From Spectral Methods to Sample Complexity Bounds for Fourier Neural Operators
Pith reviewed 2026-07-02 00:51 UTC · model grok-4.3
The pith
Fourier neural operators achieve polynomial sample complexity for learning time-T solution operators of dissipative evolution equations defined via spectral methods.
A machine-rendered reading of the paper's core claim, the machinery that carries it, and where it could break.
Core claim
By defining classes of evolution operators through spectral methods, FNO approximation bounds and polynomial sample complexity guarantees follow for time-T solution operators of dissipative evolution equations. These hold uniformly over broad families rather than single fixed PDEs, with learning rates for polynomial nonlinearities depending primarily on the smoothness of the input space and the dimension of the physical domain, and for non-polynomial cases additionally on the smoothness of the nonlinear terms and the dissipation strength. The results apply in particular to the Navier-Stokes, Allen-Cahn, and Cahn-Hilliard equations.
What carries the argument
Classes of evolution operators defined through spectral methods, which link stable and accurate spectral discretizations to efficient FNO approximation and learning of the corresponding solution operators.
If this is right
- Polynomial sample complexity holds uniformly across broad families of dissipative equations for polynomial nonlinearities, with rates set by input smoothness and domain dimension.

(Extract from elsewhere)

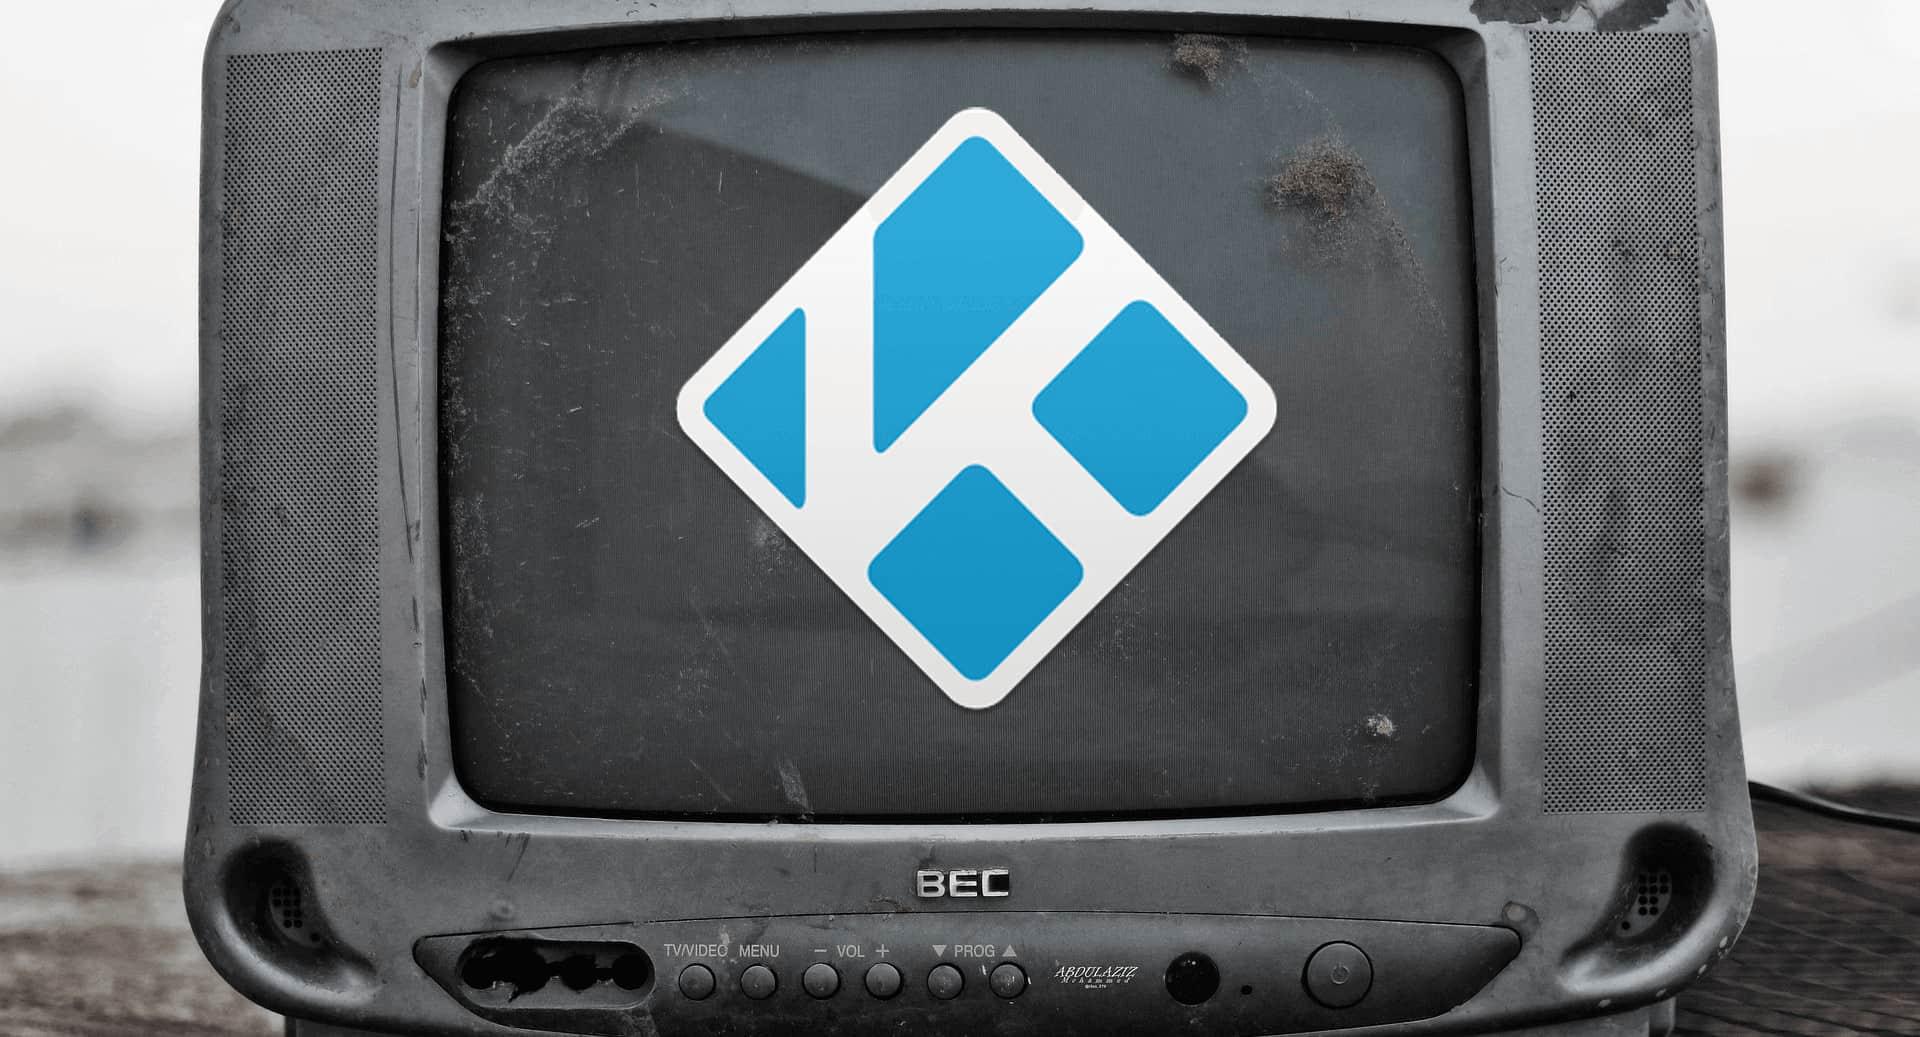 6 Best Legal Kodi TV Show Addons 2017 hero

- For equations with non-polynomial smooth nonlinearities the sample complexity remains polynomial but now also scales with nonlinearity smoothness and dissipation strength.
- The same guarantees apply to the Navier-Stokes, Allen-Cahn, and Cahn-Hilliard equations as instances of the defined classes.

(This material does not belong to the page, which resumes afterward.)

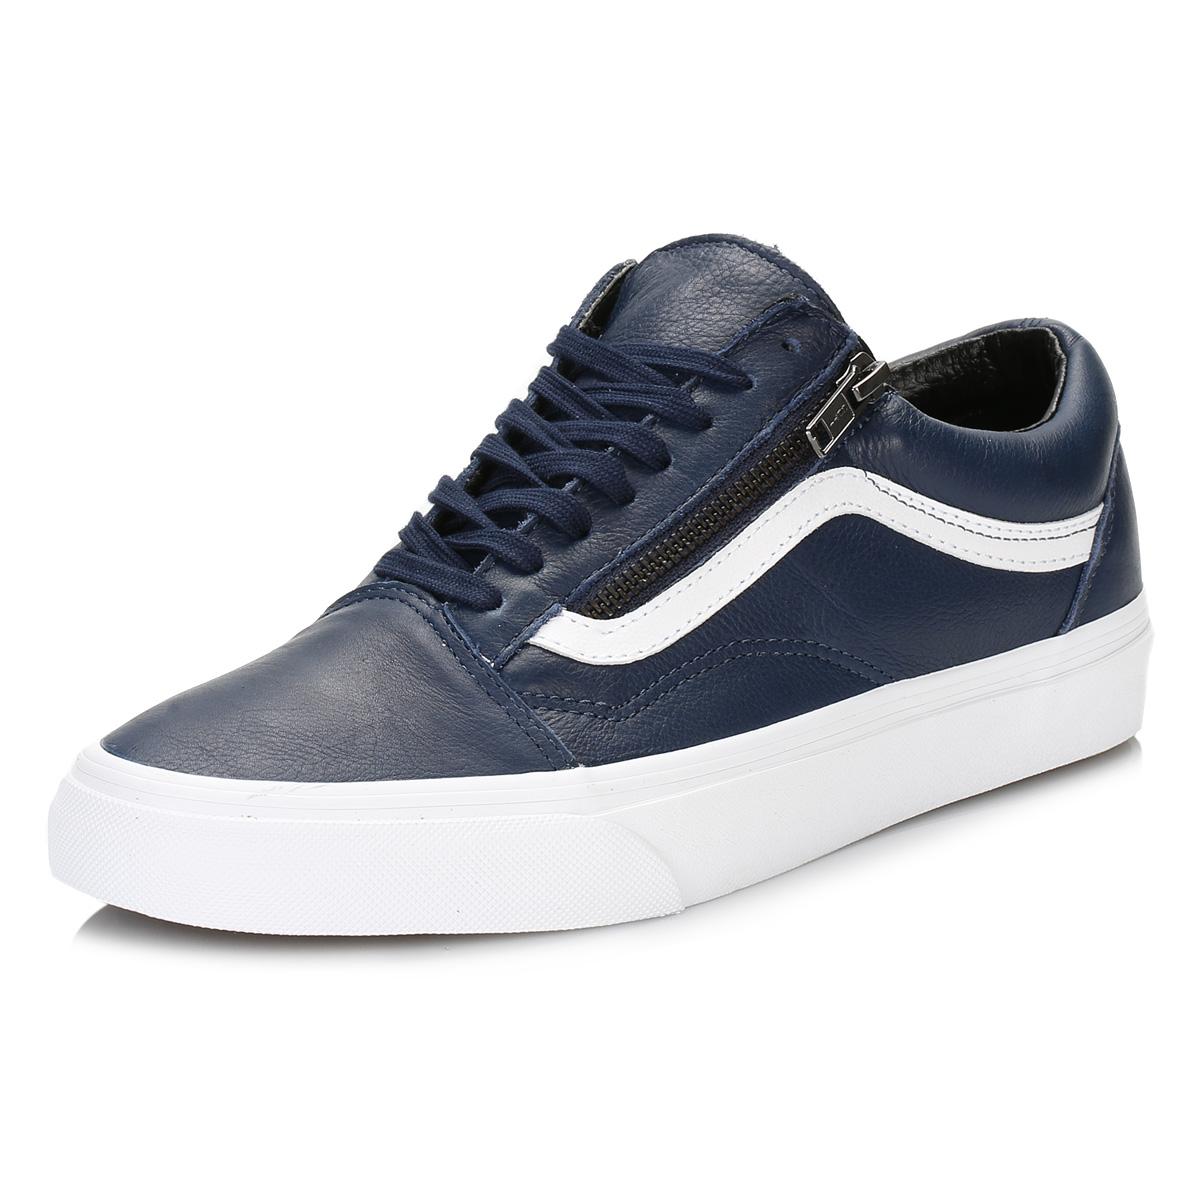 ab1e0286b12 Buy mens blue vans

- Classical spectral approximation theory directly yields the FNO bounds once the operator is placed in the spectral-method class.
Where Pith is reading between the lines
- The spectral-method classes could be used to certify FNO performance on other dissipative equations before training, by checking only their spectral discretization properties.
- If the premise holds, replacing spectral discretizations with other stable schemes might produce analogous polynomial bounds for alternative neural operators.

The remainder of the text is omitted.